Monday, May 07, 2018

Royal Flush

You know how some people go overseas and they come back with cute little souvenirs of their trip? Like a fridge magnet of the Leaning Tower of Pisa, for instance. Or a tee-shirt.
            And then you have my friend Jill who brings back food. Which makes her an amazing person to be friends with, especially if you like the same kinds of food she does. Specifically, anything that is pork based. Last year, she packed two dozen English pork pies from this shop in London she’s been haunting since her school days. And a few weeks ago, she returned from a trip to France with, literally, half a pig.
            “What do you mean?” Amanda asked when I told her.
            “What do you mean what do I mean? She packed half a pig into her luggage,” I repeated. “In her Louis Vuitton Monogram suitcase!”
            “What happened to the other half?” Saffy asked.
            Both Amanda and I turned to look at her. To her credit, Saffy noticed the look. “What? That’s a legitimate question.”
            Amanda turned back to me. “What is she going to do with half a pig?”
            I hazarded a guess. “Give it to her maid to cook?”
            From the sidelines, a voice piped up. “Was it a small pig?” Saffy asked. “Like, I mean, how big is it? And wouldn’t it have smelled?”
            “Well, I’m sure it was vacuum-sealed,” I said. “They wouldn’t have just wrapped it in butcher paper. That’s only logical.”
            “The logical thing would have been to buy half a pig from Huber’s,” Saffy said firmly, “and not schlep it 13 hours from France to the tropics. To pack it into a Louis Vuitton bag tells me that logic was completely absent the minute Jill stepped into that butcher shop. And besides, how did she get that pig back to her hotel? Was it a cab? Or did she take the Metro?”
            I turned to Amanda. “A little help here?” But her eyes had completely glazed over.

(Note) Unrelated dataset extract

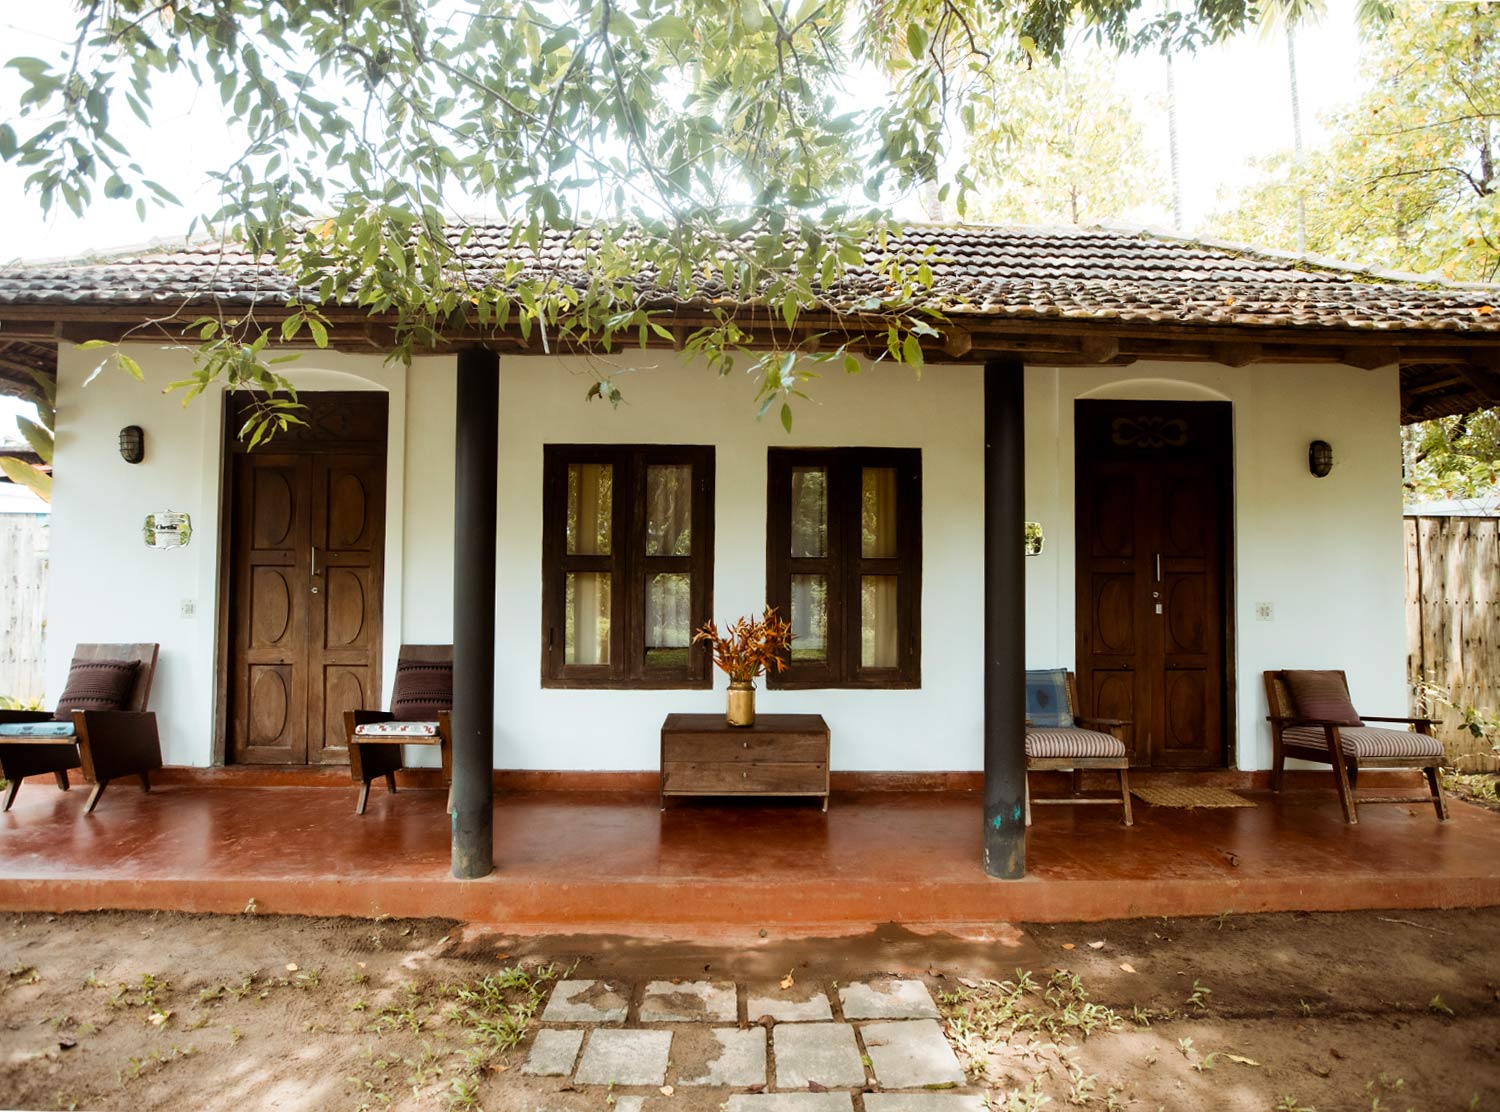 Kayal is a secluded retreat with just four cottages

Saffy wasn’t done yet. “And if she got it delivered to her hotel, can you imagine what the concierge would have thought? I mean, it’s half a pig!” Saffy shook her head in amazement. “There’s no shopping bag in the world that’s big enough to hide the fact that it’s a vacuum sealed pig!”

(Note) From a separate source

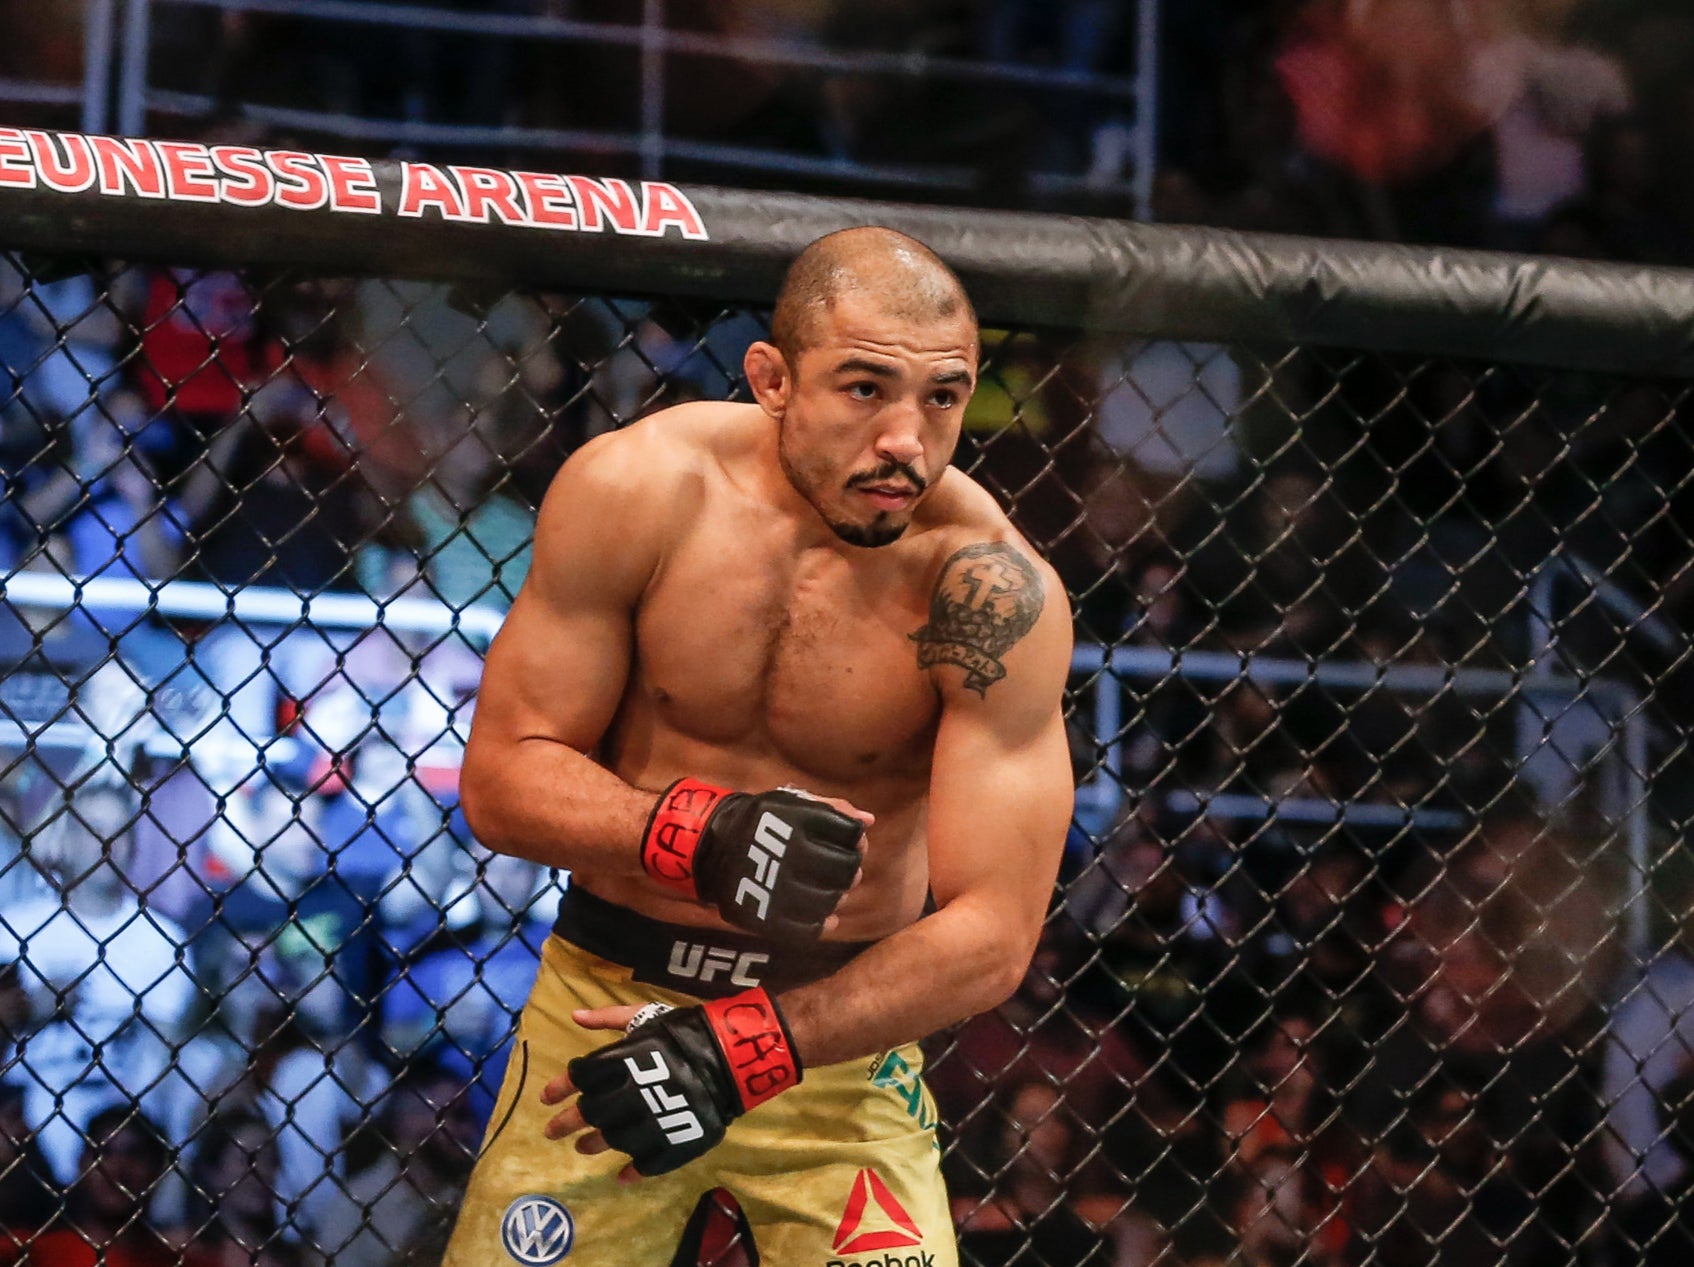 Jose Aldo has rejuvenated his career at bantamweight but was featherweight king for years

            Then a few days ago, Amanda went to Tokyo for a meeting. That evening, she FaceTimed us. “Guess what?”
            “You’re marrying the Crown Prince?” Saffy said immediately. “What? These things happen. That’s how the Crown Princess of Denmark became Crown Princess!”
            You could literally see Amanda give her head a little shake like she was getting rid of some water in her ear. “Shut up, Saf! No, I got a Toto!”
            It really was gratifying to see Saffy’s mouth open and shut several times. She looked just like a goldfish.
            “You mean you won Toto?” I said helpfully.
            “No. I mean I got a Toto! As in the toilet!”
            Saffy later said to Sharyn that there were so many ways she could have imagined the conversation with Amanda going, but buying an actual toilet bowl was not one of them.
            “Who buys a toilet bowl while on a business trip?”
            “On any trip,” I said.
            “Wah, she really like Toto, hor? Singapore got no Toto, meh?” Sharyn said. “I ever try once before in a restaurant in Loh-bertson Quay! So many button to press, I so scare, I neh-ber flush and run out!”
            Saffy put up a hand. “Wait, what? You didn’t flush?”
            “All the button in Japanese, how I know what to press?”
            “She does have a point,” I told Saffy. “Imagine if she’d pressed the wash button and she got spritzed?”
            “Aiyoh!” Sharyn sighed, clearly congratulating herself on both her cowardice and foresight, but Saffy had already moved on.
            “How is Amanda going to bring that toilet back? Is she going to check it in? How much must the thing weigh? What is wrong with some people?” Saffy looked up at the ceiling to give the question proper attention.
            “Ay, I ask you, ah,” Sharyn said. “Toto run on electricity, right?”
            I nodded. “Yes, you have to plug it into a wall socket. I don’t think anything works otherwise.”
            “Oh-kaaaay….” Sharyn drawled. “So what happen if electricity not working?”
            “Well, the seat-warmer won’t work…” I trailed off. I was already seeing the end point of this conversation.
            Saffy, always the last one to leave a party, looked down from the ceiling. “What?”
            “It won’t flush without electricity!” I said.
            It took a while, but Saffy got there in the end. And it wasn’t pretty.